You could end up benefitting in the long run or wishing you’d taken a safer route. There’s a lot to think about, and a Toronto mortgage broker can get you on the right track.

Coin Dealers In Fort Myers Florida

Do you have a collection of coins and are looking to make a little bit of money from some of the ones that you no longer need? Or have you found a coin that you believe to be rare but you have no idea of its true value?

If either is the case then you should head down to The Coin and Jewelry Exchange so that you can get your items appraised and find out just how much they will be worth to you. We are an expert Coin dealer Fort Myers that has many years of experience in the industry, which means that you can be sure that you will get an honest appraisal from a trustworthy source.

So why come to use with your coin questions? Here are just a few reasons why we are the perfect solution for you.

We Buy Quick 

We aren’t simply appraisers of the value of coins – we are also massive enthusiasts who want to improve our own stock and offer as many coins to our customers as possible.

This means that we are constantly buying coins to offer to our customers, and will pay cash for any that you bring into our store that we determine to have sufficient value for collectors. Furthermore, we also have a wealth of knowledge at our disposal so in most cases you won’t need to wait for any research to be done before you can start making money from your coin collection.

We Do House Visits 

While we have a dedicated store, which is one of the hallmarks of a truly trustworthy coin dealer, we also recognize that no everybody will be able to make it down to see us, for whatever reason.

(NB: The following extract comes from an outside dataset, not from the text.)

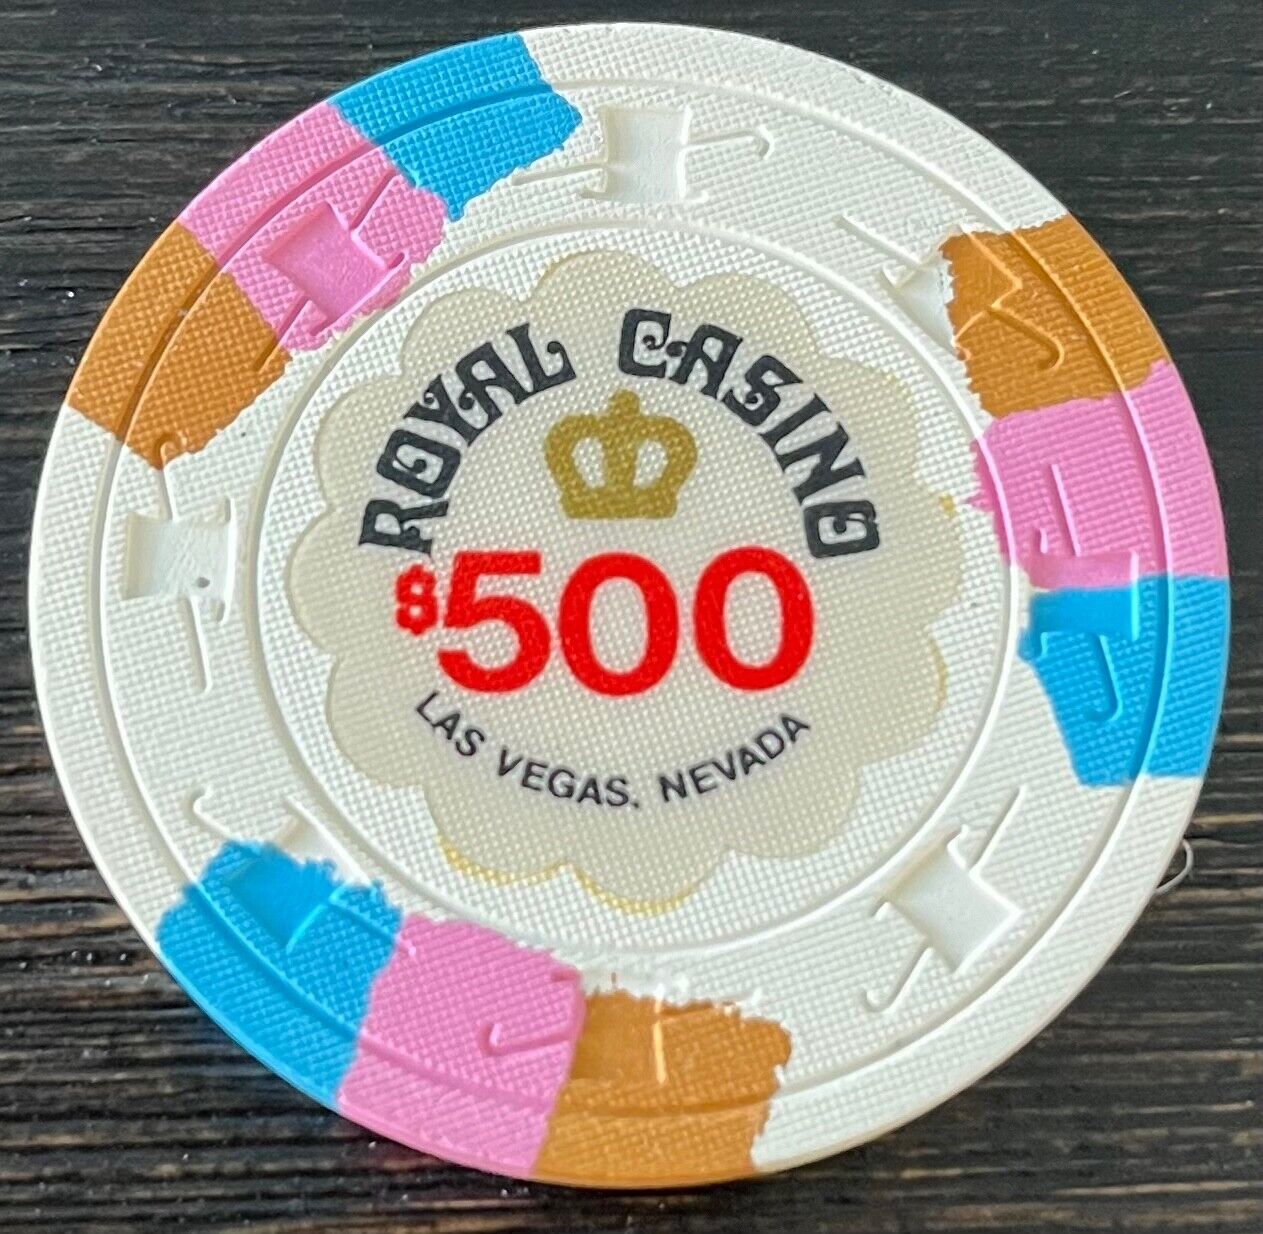 Royal Casino Hotel Las Vegas Nevada $500 Rare Obsolete Vintage Casino Chip

This is why we offer a home visiting service where we come to see you so that you can get your collection appraised. Using this service you can see us whenever it is most convenient to you, rather than having to arrange to come and visit us.

We Are Part of the Professional Numismatics Guild 

The biggest problem that many coin dealers face is finding somebody who is trustworthy and can be held accountable for the valuations that they put on various pieces.

As we are members of the Professional Numismatics Guild you can not only guarantee that we have the expertise required to join such a prestigious organization but that we are also held accountable for our business practices, ensuring that you get an honest appraisal at all times.